— YOUR TASK —
In the material below, print every line exactly and omit the pictures.

— RECORDED INFORMATION —
◇ ◇ ◇ ◇

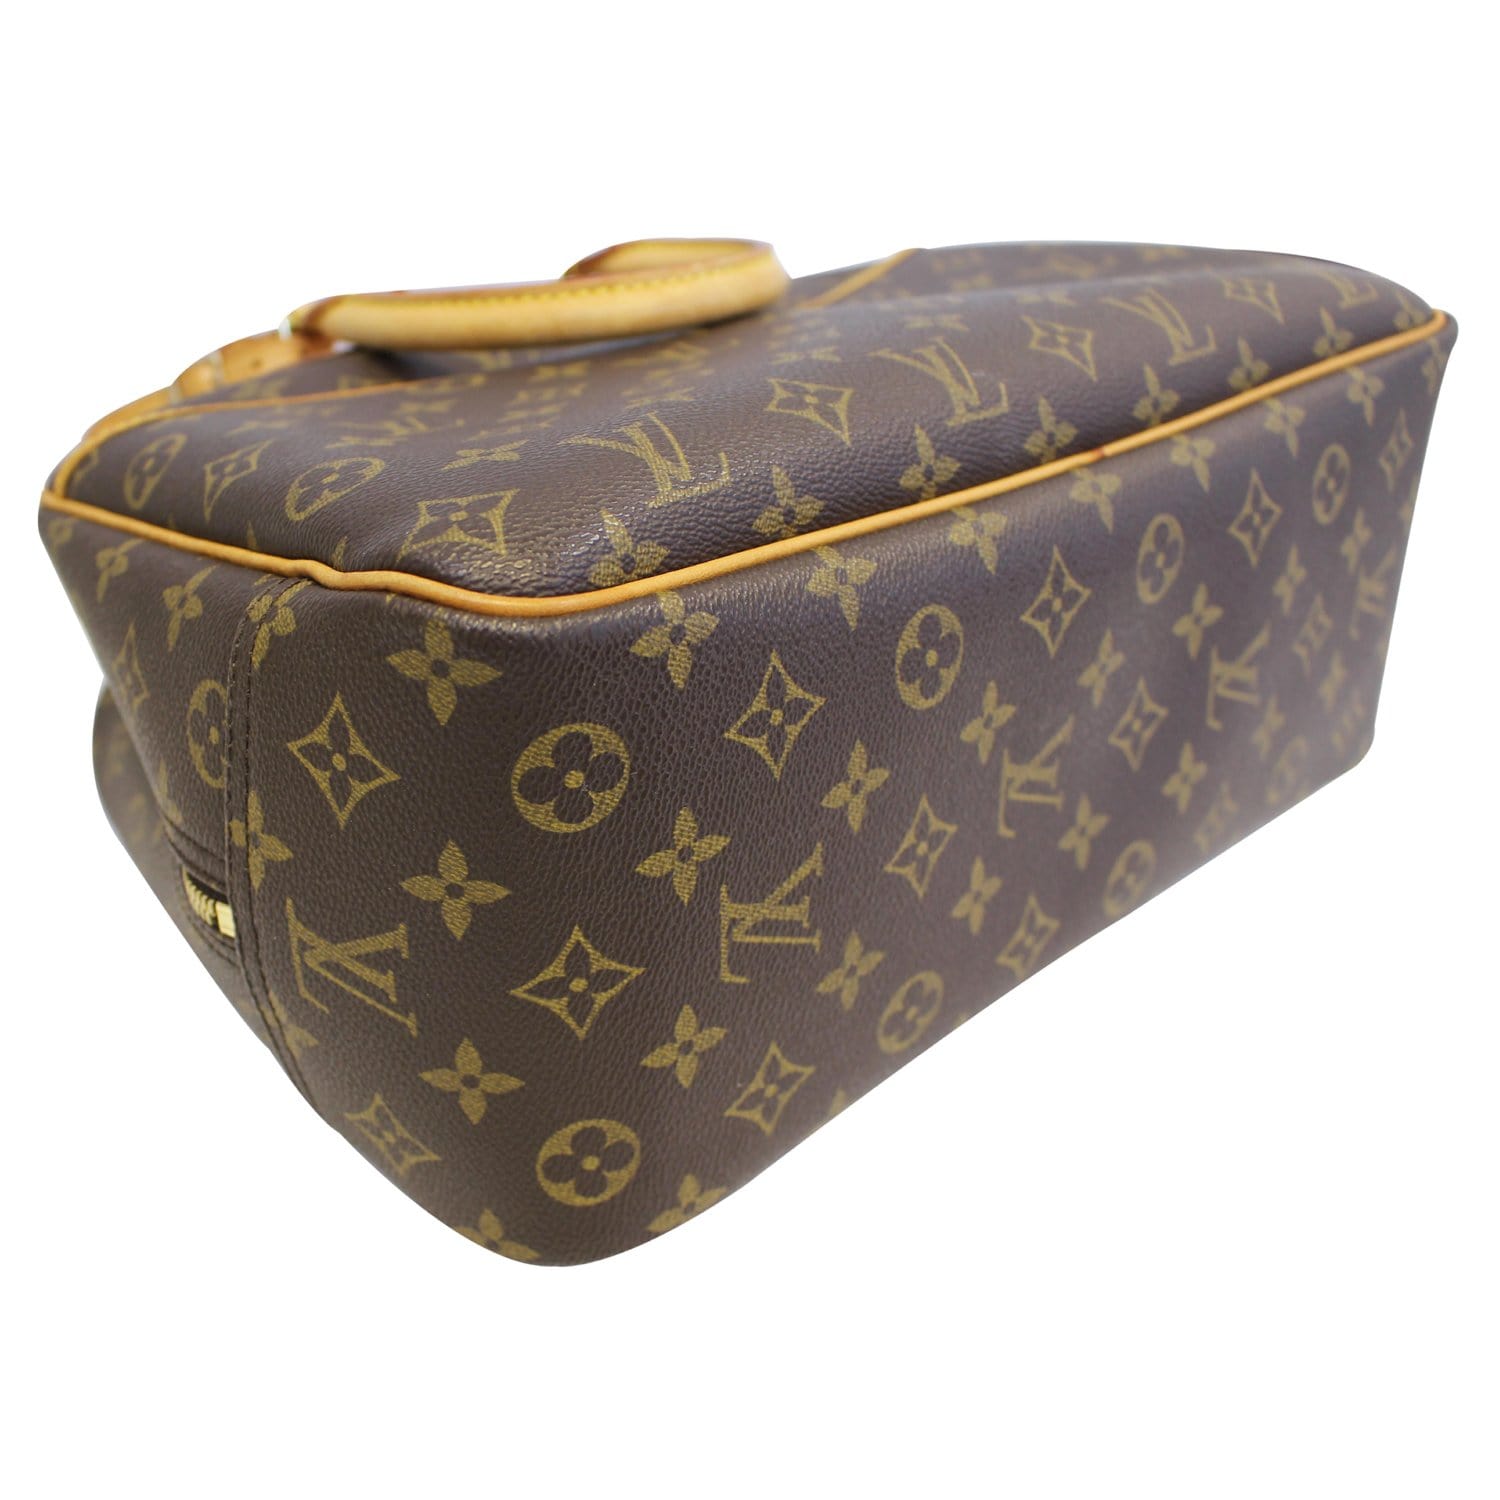 Louis Vuitton Monogram Bel Air Bag - Brown Satchels, Handbags - LOU31176
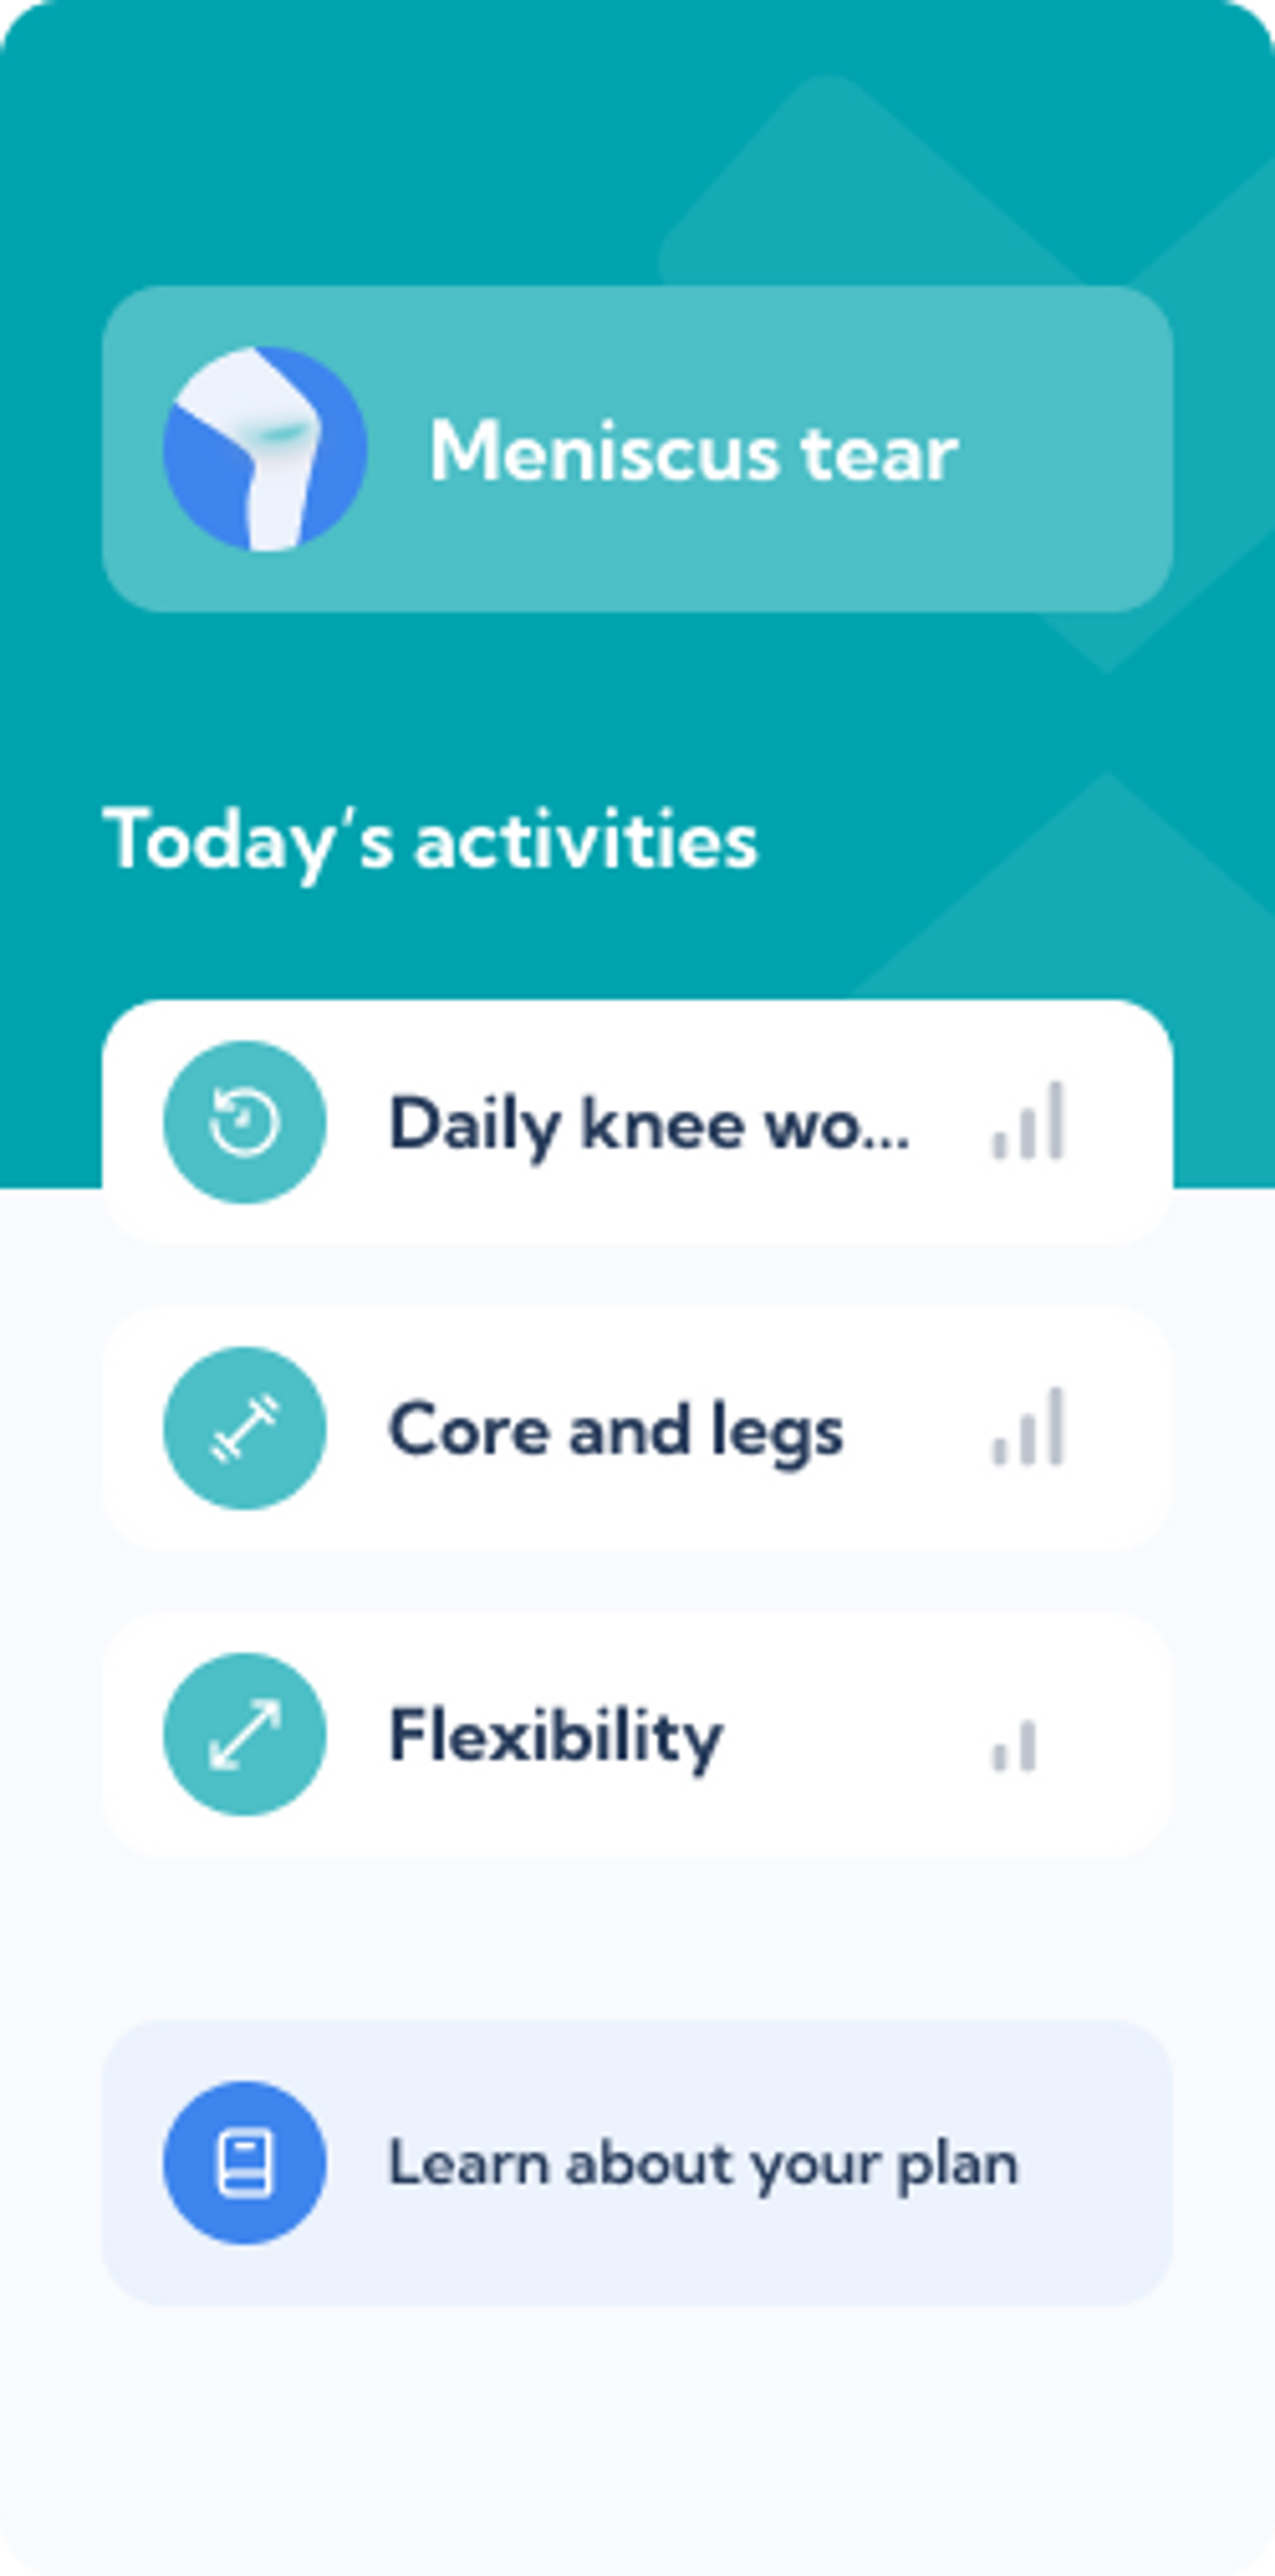 Meniscus tear rehab plan – Dashboard overview of the Exakt Health app
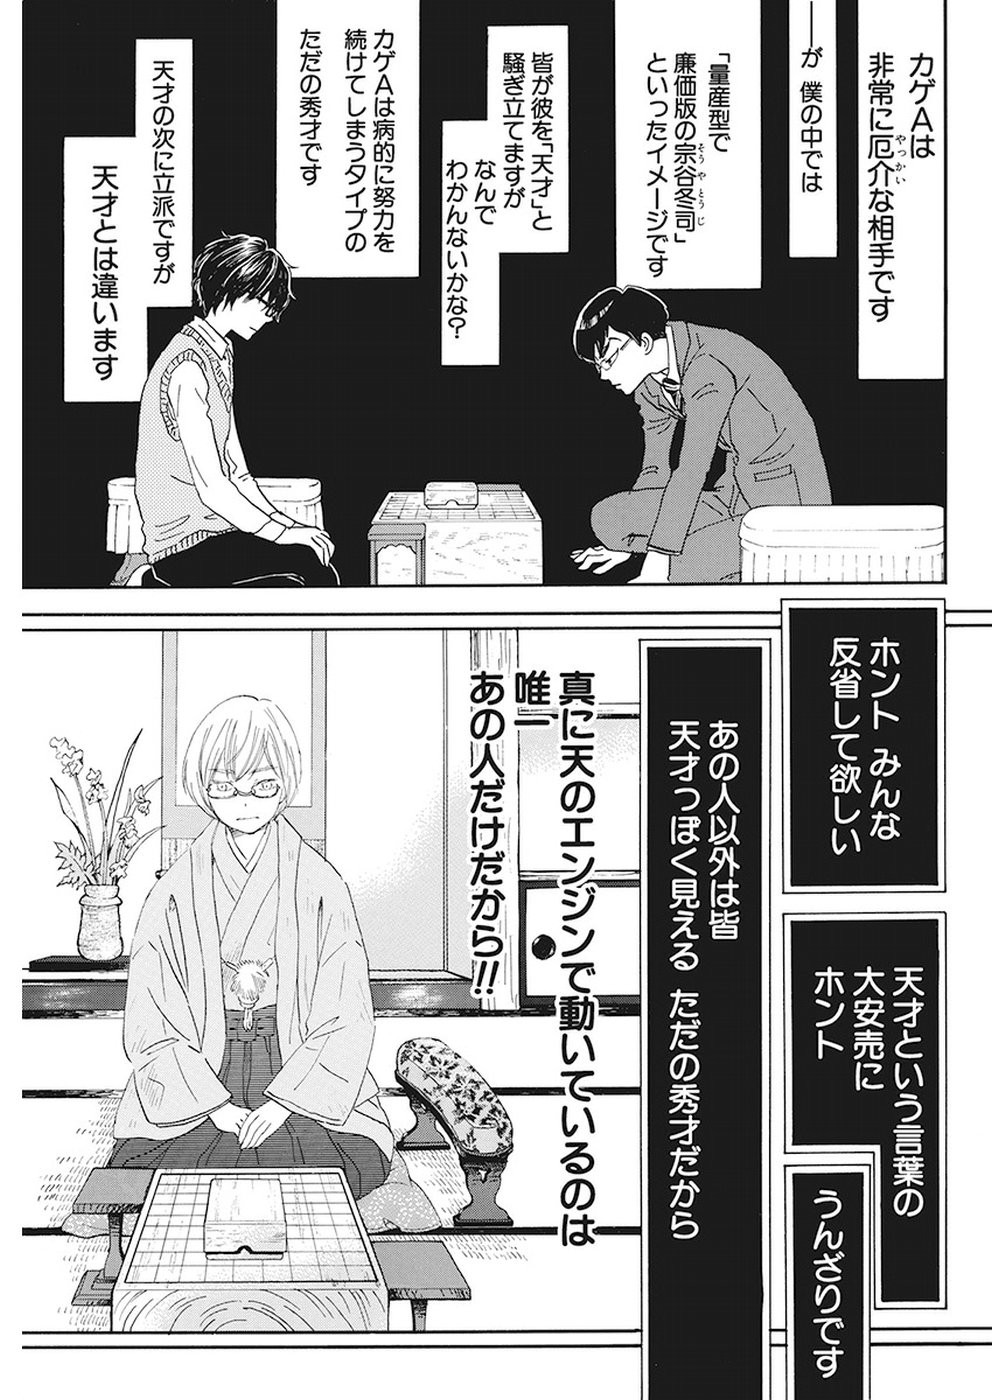 3 Gatsu no Lion - Chapter 157 - Page 7

◇ ◇ ◇ ◇

— ANSWER BELOW —
 Louis Vuitton Monogram Bel Air Bag - Brown Satchels, Handbags - LOU31176
 Meniscus tear rehab plan – Dashboard overview of the Exakt Health app
 3 Gatsu no Lion - Chapter 157 - Page 7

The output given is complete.